Exactly as written, set down each line of the data below except its pictures.

[[ Data shown, beginning ]]

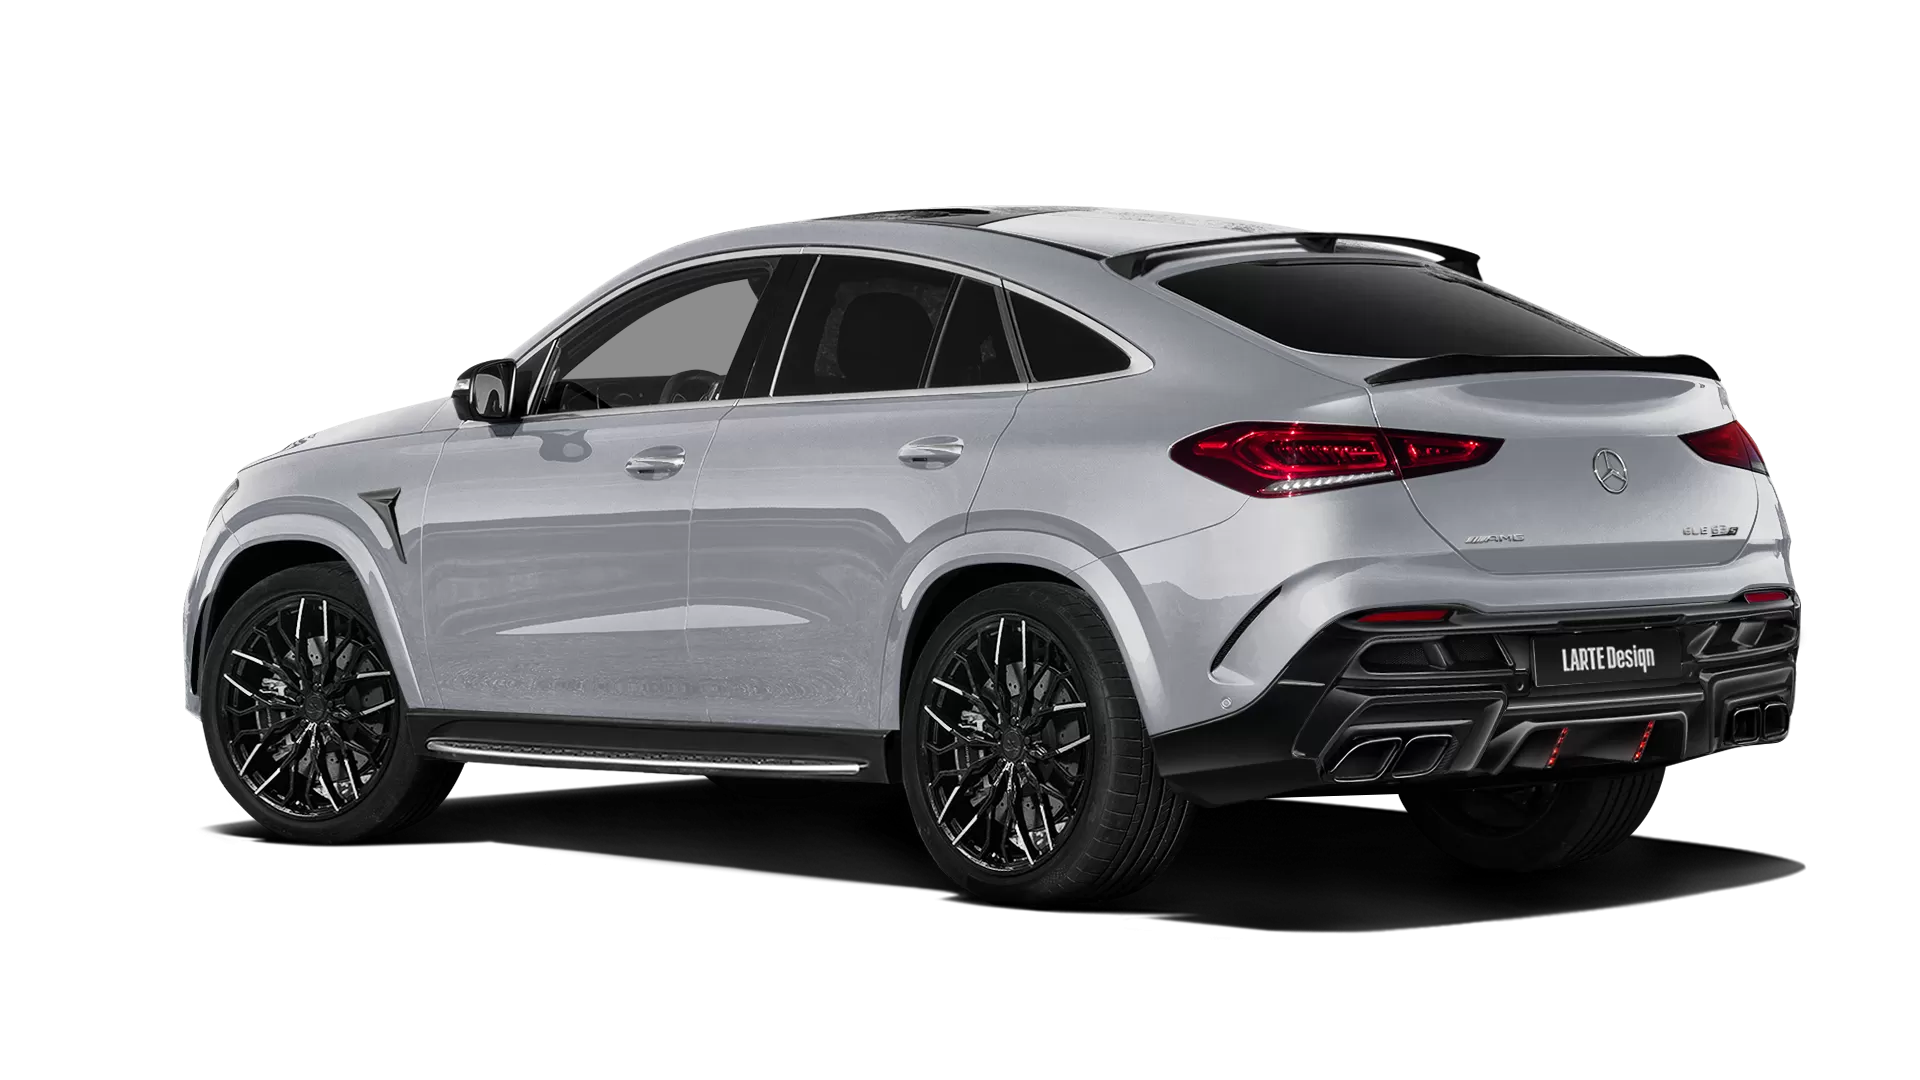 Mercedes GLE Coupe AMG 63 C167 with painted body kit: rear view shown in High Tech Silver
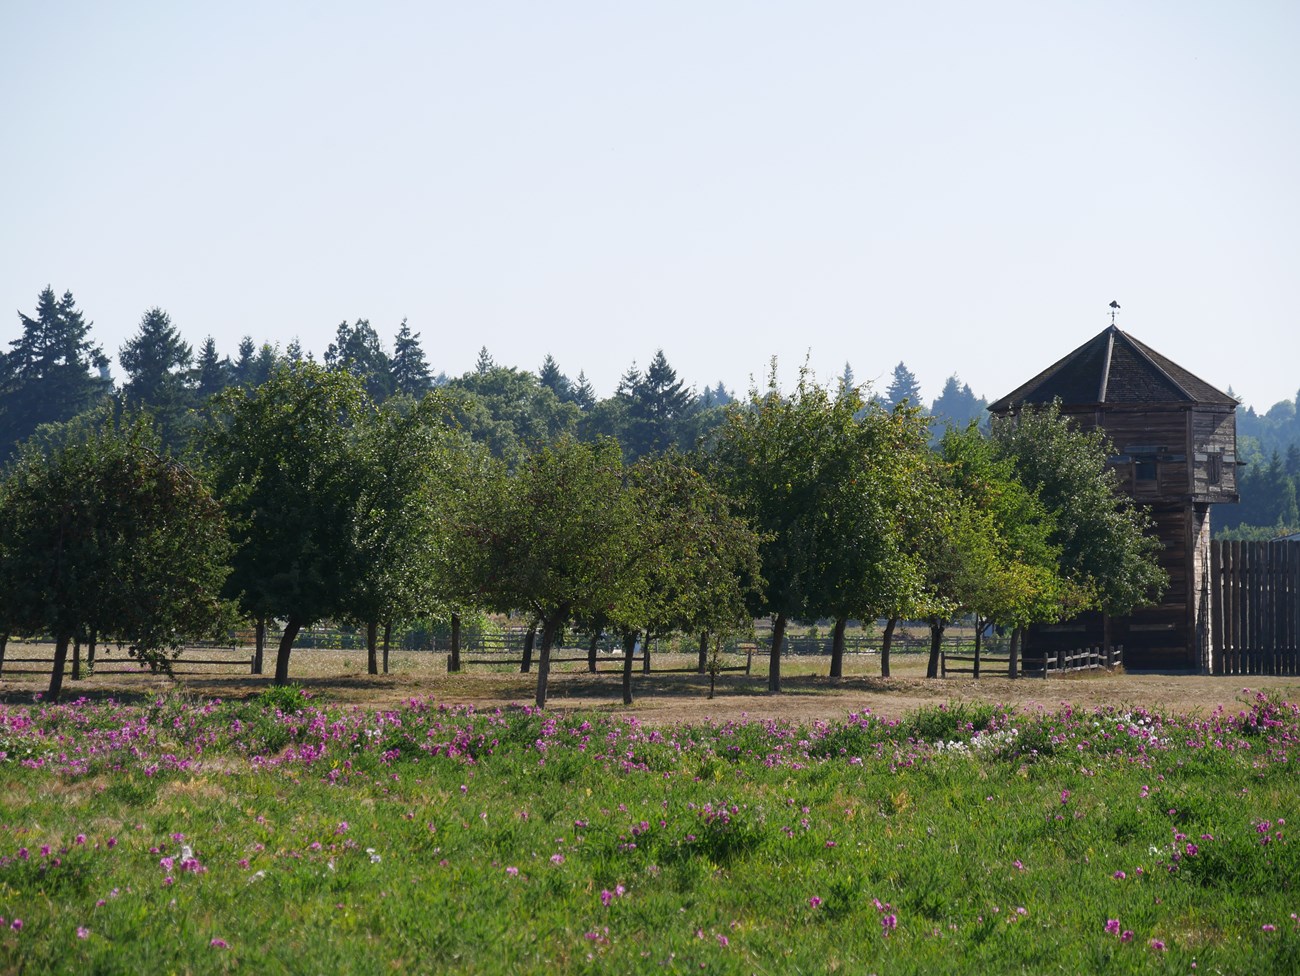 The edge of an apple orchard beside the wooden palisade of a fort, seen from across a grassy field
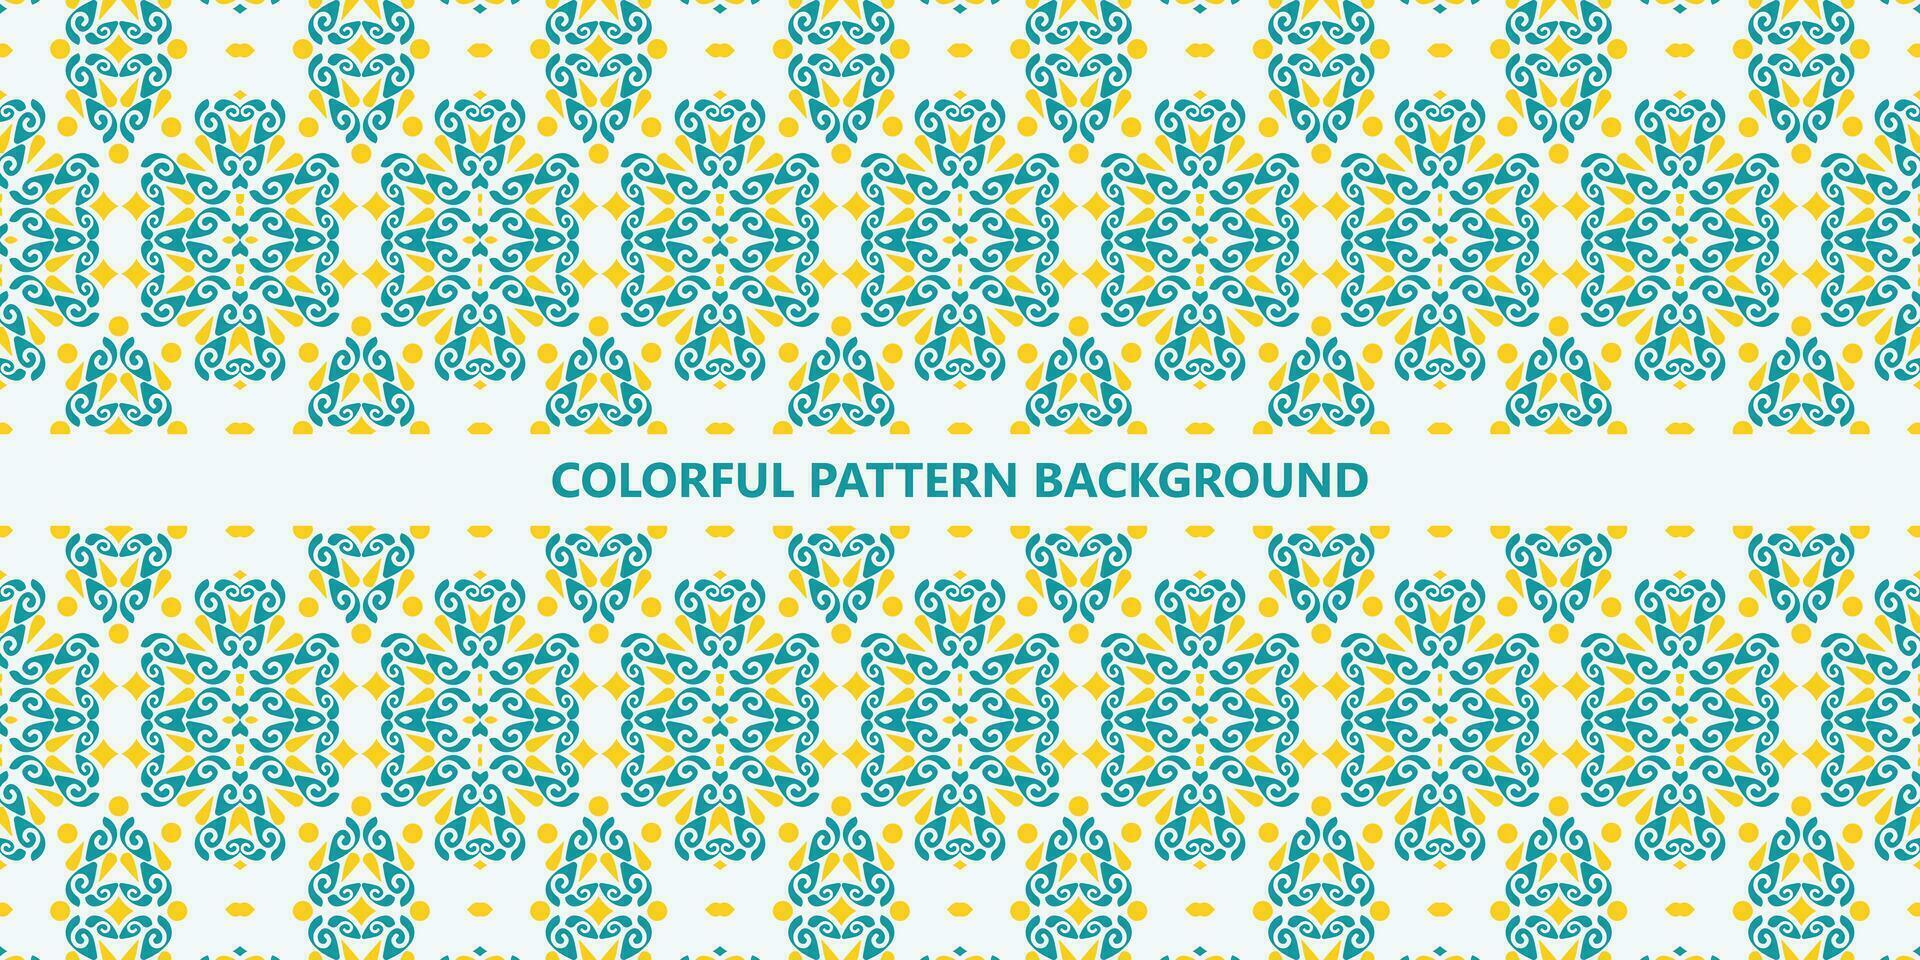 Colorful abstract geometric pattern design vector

[[ Data shown, end ]]

* Task output
 Mercedes GLE Coupe AMG 63 C167 with painted body kit: rear view shown in High Tech Silver
 The edge of an apple orchard beside the wooden palisade of a fort, seen from across a grassy field
 Colorful abstract geometric pattern design vector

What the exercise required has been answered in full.